Task objective:
Please restate each line of the material word for word and omit any pictures.
**** Provided material
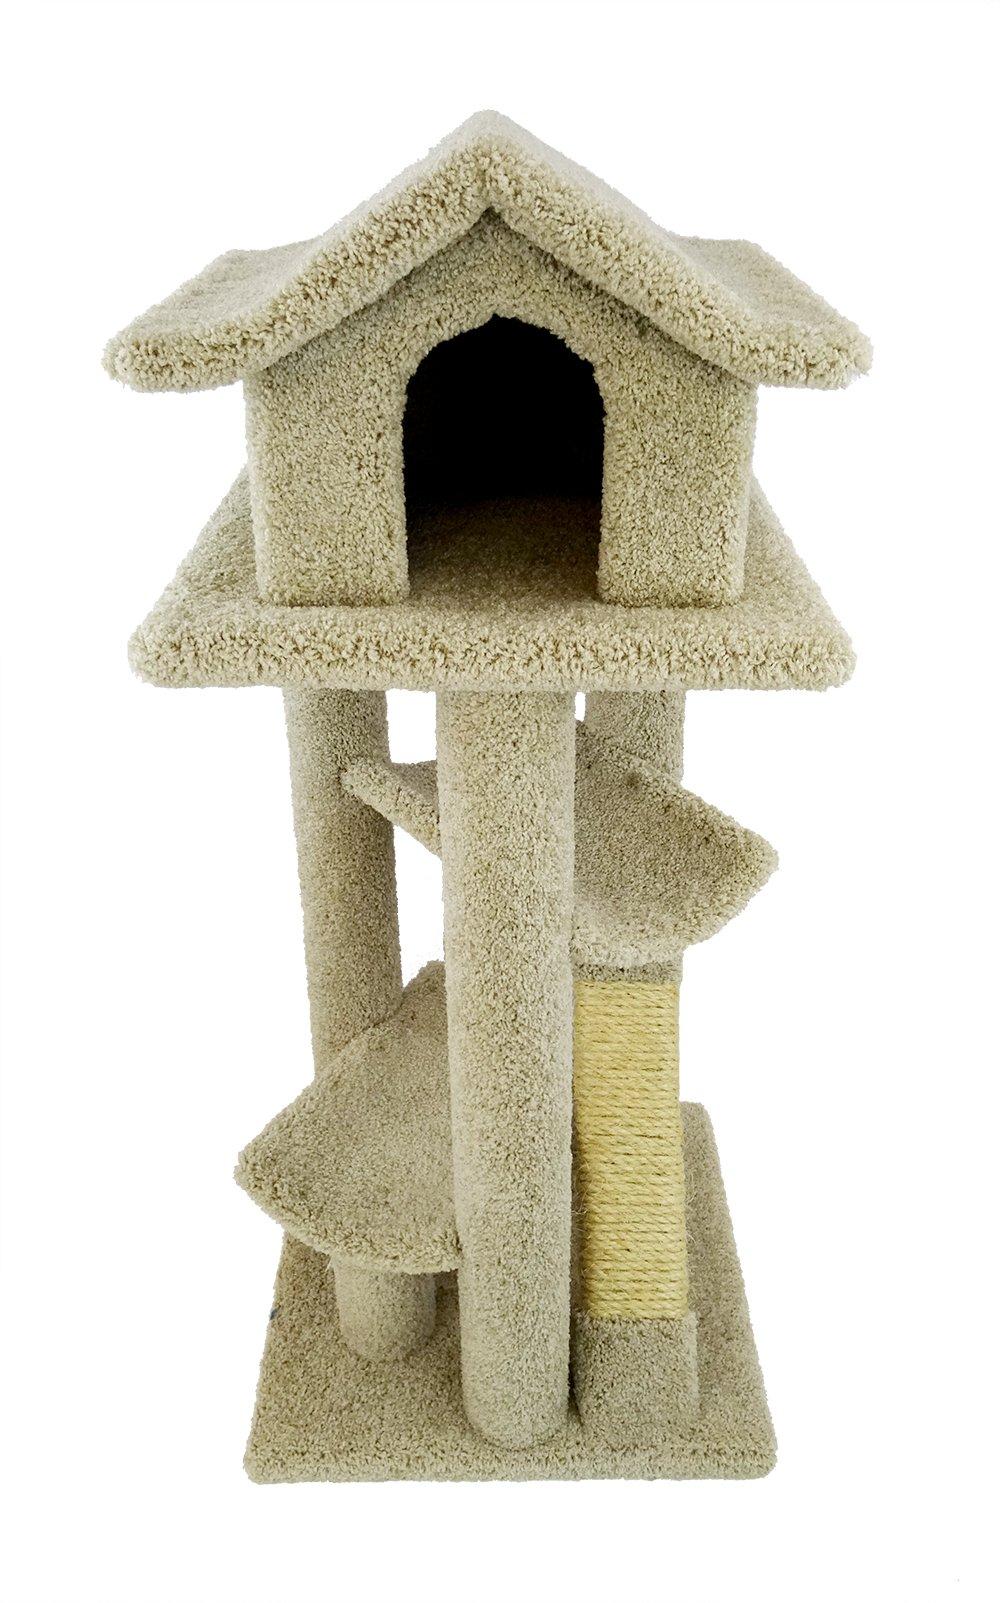 New Cat Condos Premier Large Cat Pagodas Tree, Beige
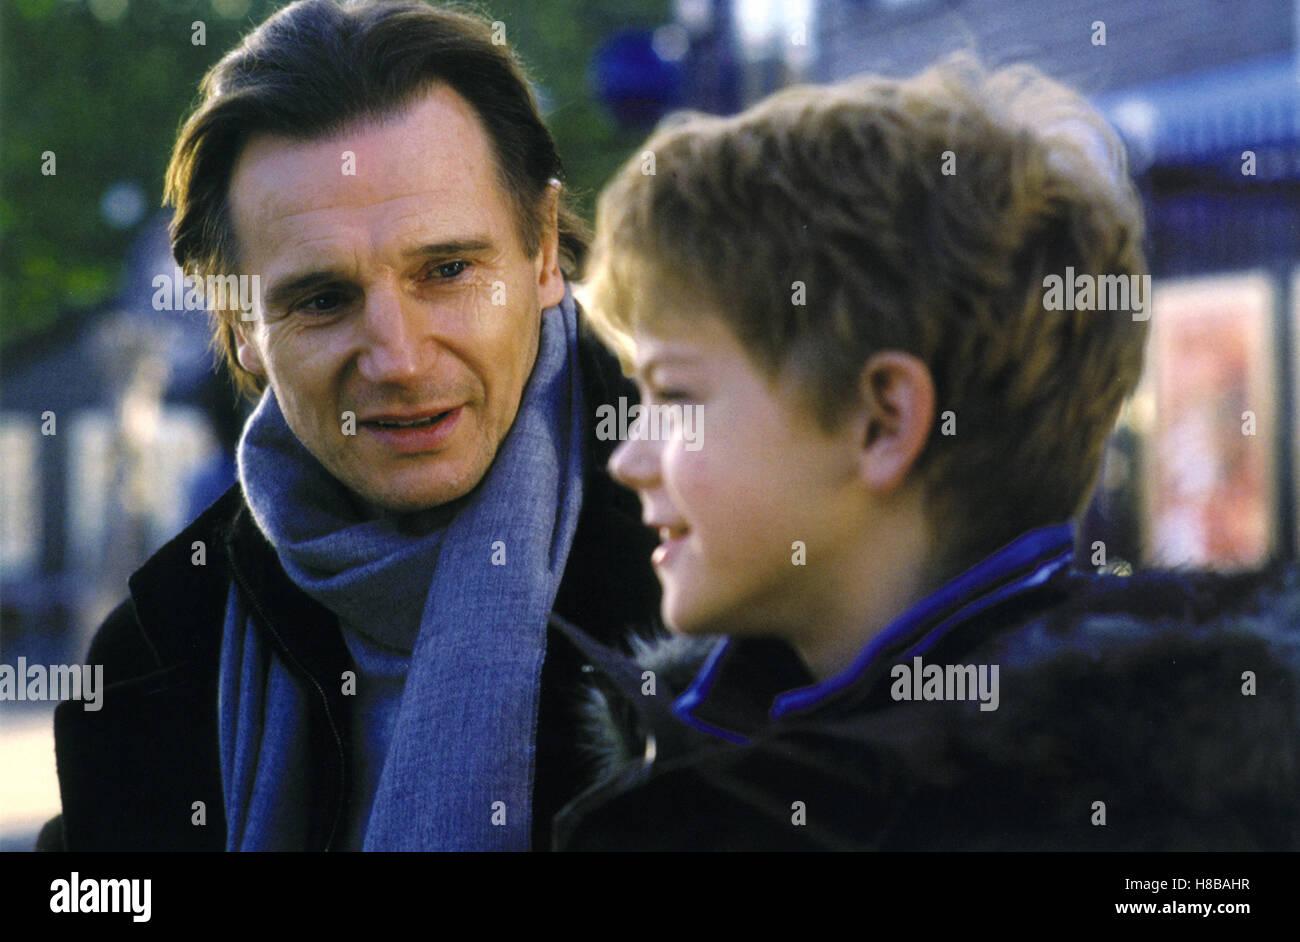 Tatsaechlich...Liebe, (LOVE ACTUALLY) GB 2003, Regie: Richard Curtis, LIAM NEESON, THOMAS SANGSTER, - Stock Image
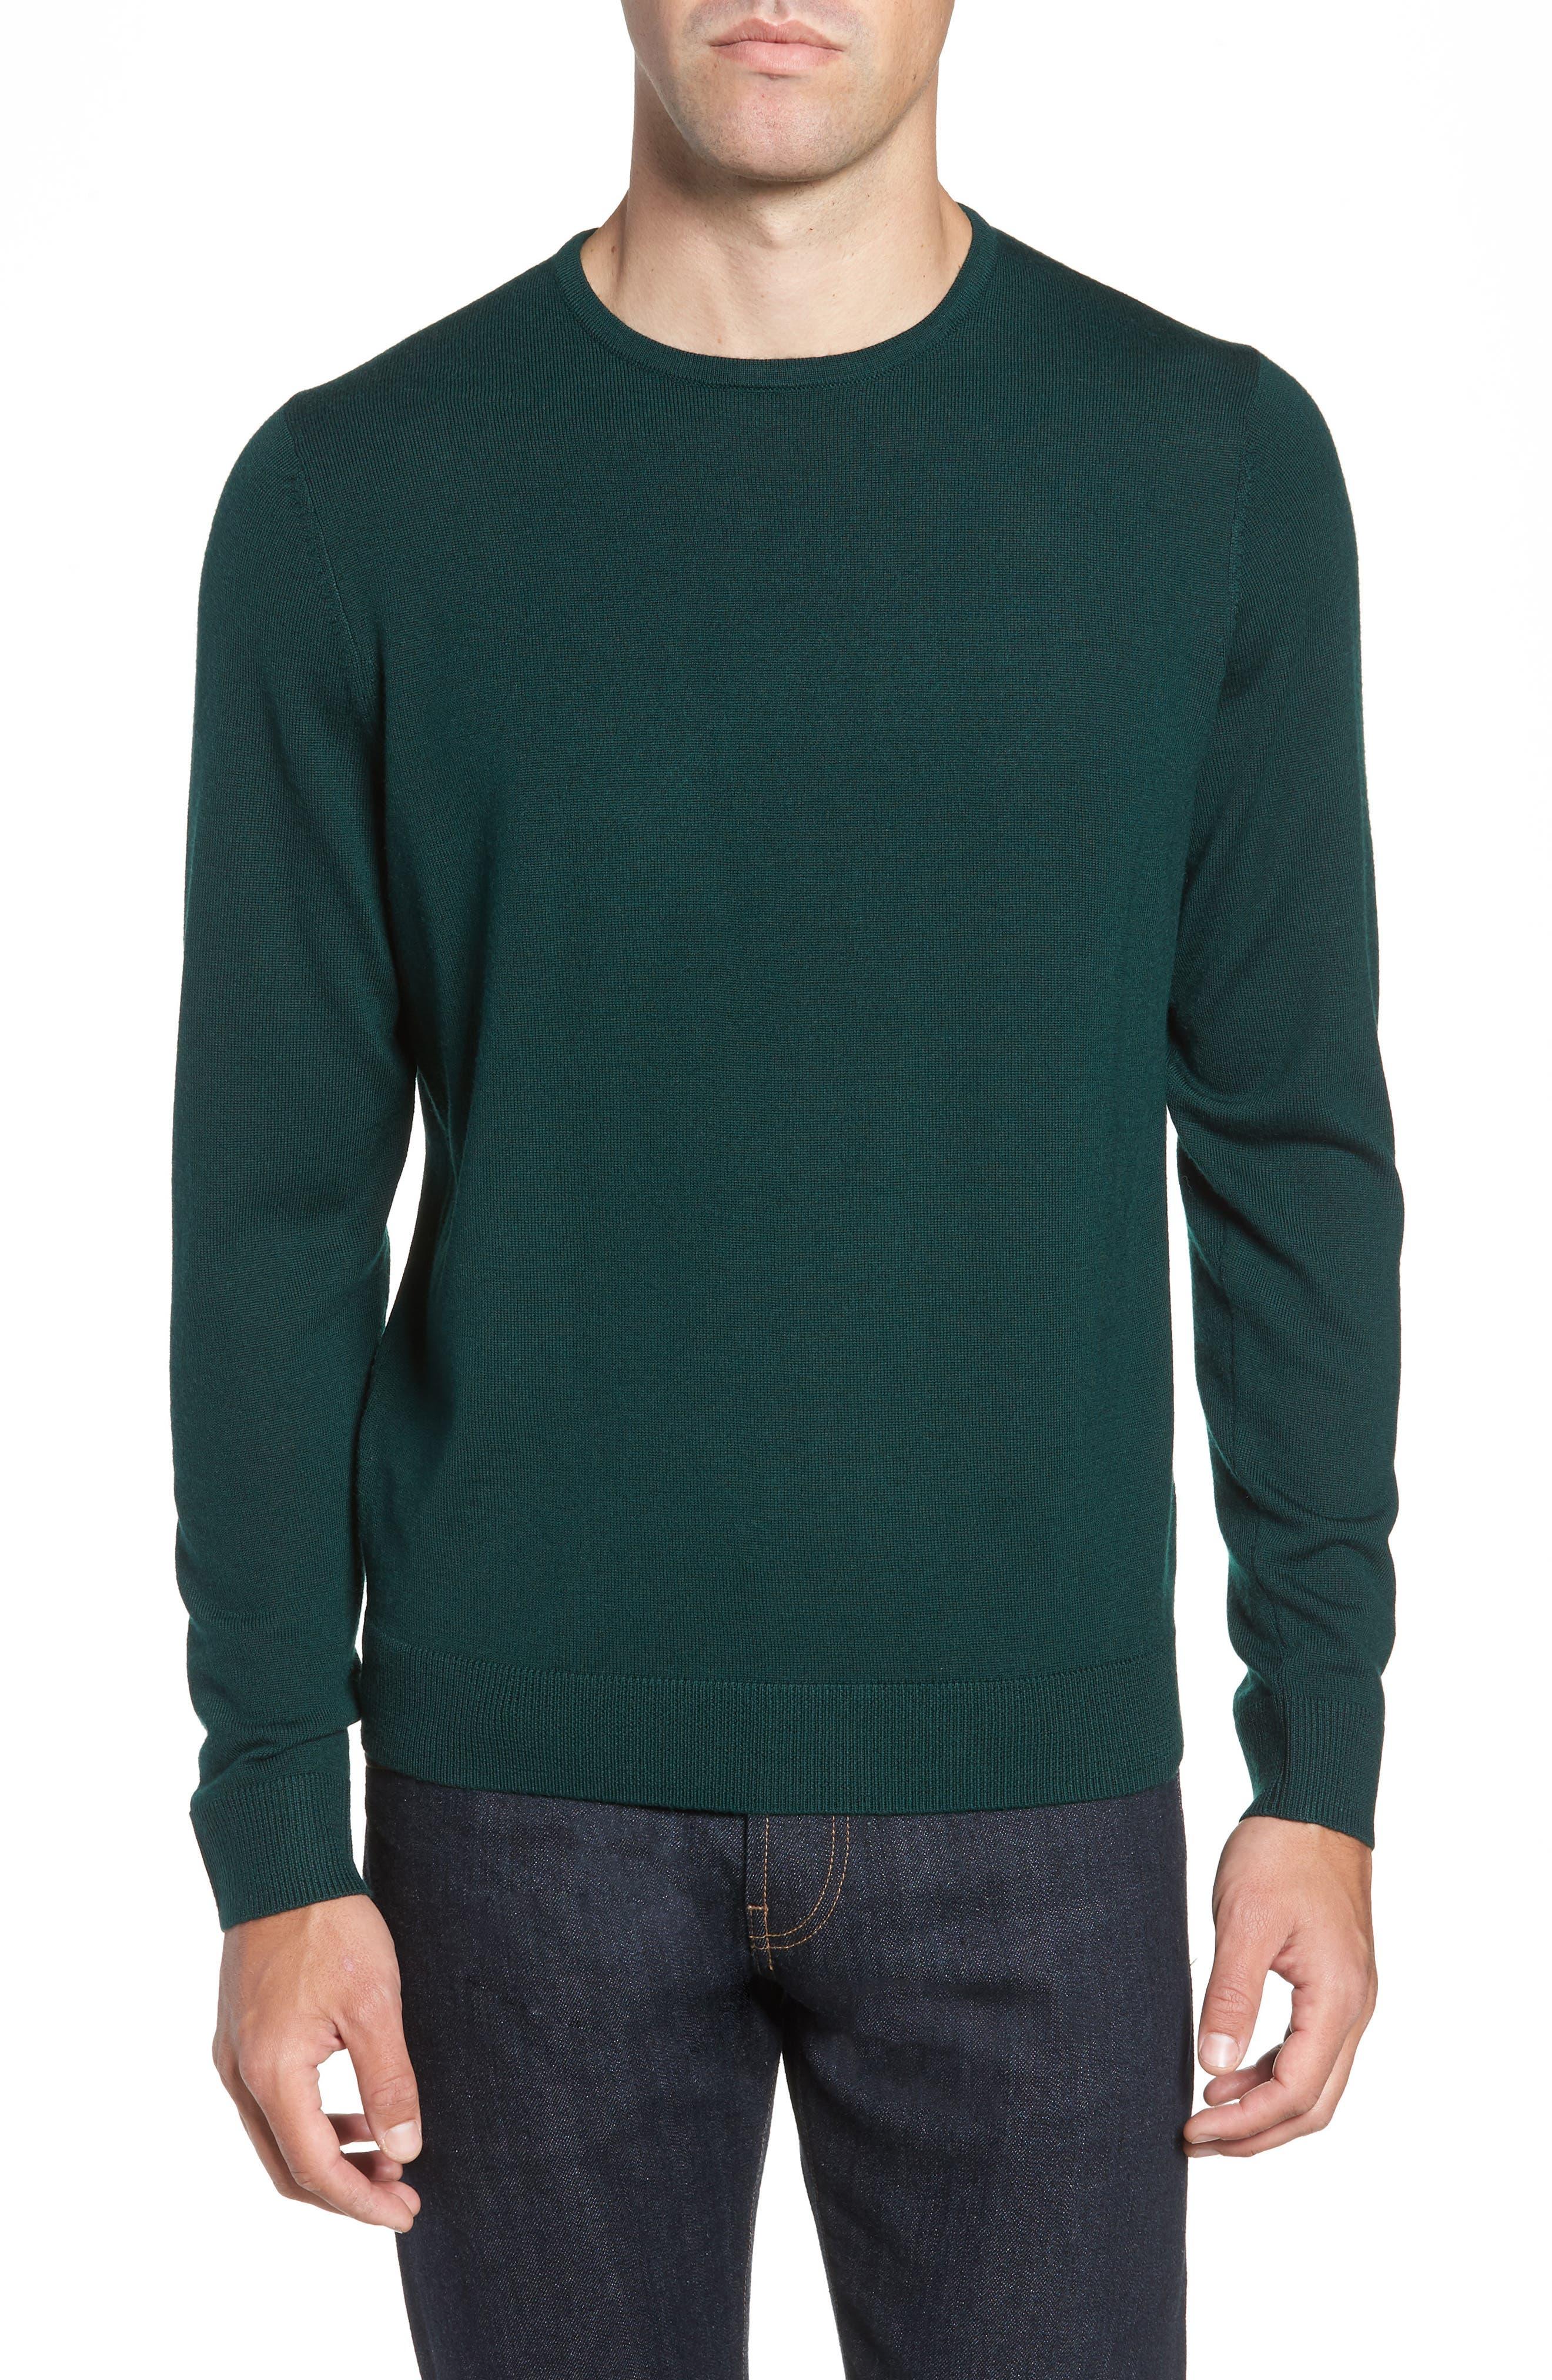 Nordstrom Shop Crewneck Merino Wool Sweater, Green
********
Solved exercise:
 New Cat Condos Premier Large Cat Pagodas Tree, Beige
 Tatsaechlich...Liebe, (LOVE ACTUALLY) GB 2003, Regie: Richard Curtis, LIAM NEESON, THOMAS SANGSTER, - Stock Image
 Nordstrom Shop Crewneck Merino Wool Sweater, Green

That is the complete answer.